The man was somewhat of a mentor to me and we had developed a very close relationship over time. He had five children and a few of them ended up becoming my clients, too.
This client was overall healthy for his age but his wife had progressive dementia and her condition was deteriorating quickly. Determined to care for her himself, my client moved from Pennsylvania to Florida, where they had decided to live out the rest of their years together.
He called me one day after moving to Florida and informed me that he had met with a local estate attorney to have some of his estate documents changed. They had discussed opening a trust so that if he predeceased his wife, the IRA would roll over into a trust with their children listed as trustees, since his wife was considered incompetent. If she predeceased him — which we all expected to happen — the IRA would roll over to him, then to the kids. The logic was sound, and as he told me about these changes, I made notes in his file and we moved on. I did not, however, ask him or his estate attorney for copies of these new documents.

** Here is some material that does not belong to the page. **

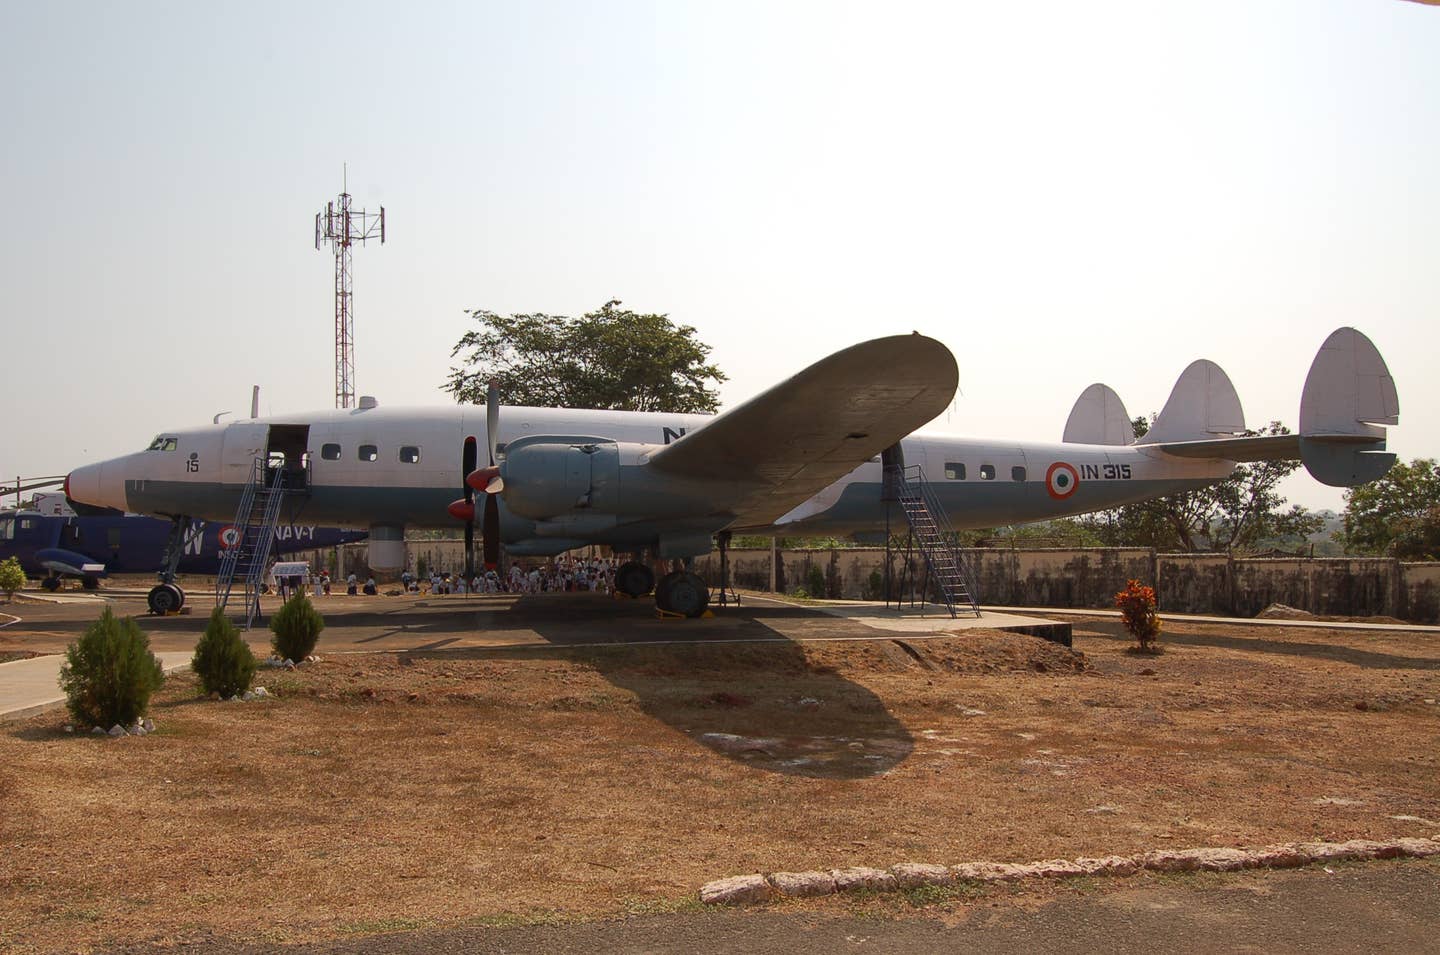 A Lockheed L-1049 Super Constellation preserved at the Indian Naval Museum, Goa, India. <em>Alec Wilson/Wikimedia Commons</em>

A few months later he was found dead in his home in Florida. After the shock subsided, I began looking over his estate plan and realized immediately that the trust he had named as the beneficiary of his large IRA had never actually been signed or executed. The trust instrument did not exist, although it was on record as his main beneficiary.
At this time I worked for a large firm with strict compliance rules, and the firm would only honor the beneficiary form he signed naming the trust. On top of that, the law stated that in the absence of a beneficiary, the IRA would have to be distributed.
For months it seemed like the kids were going to be required to take taxable distributions, which they were not happy about at all. I looked for other options and tried to build a case to present to my compliance and operations team. Finally, with the help of the legal department, we found a loophole that allowed us to revert to the most recent document in which a beneficiary — his wife — did exist. We did a spousal rollover to her name, preserving the IRA and deferring taxable distributions. Of course, her plan named her kids as her beneficiaries, so that was set up correctly for when she passed.
The situation ended well but it was nothing short of a nightmare at the time. If only I had asked for the estate documents from my client or his attorney, I would have realized right away that they weren’t signed and that the trust did not exist. It would have been an easy fix.
Now, I never take a client’s estate planning for granted. Part of our process with new clients is that we insist on getting copies of their latest planning documents and reviewing them with our own eyes, making sure they are accurate and, most importantly, signed. We also don’t make any beneficiary changes unless we are certain of the intent and know that it is being done properly, which requires close communication with all parties involved.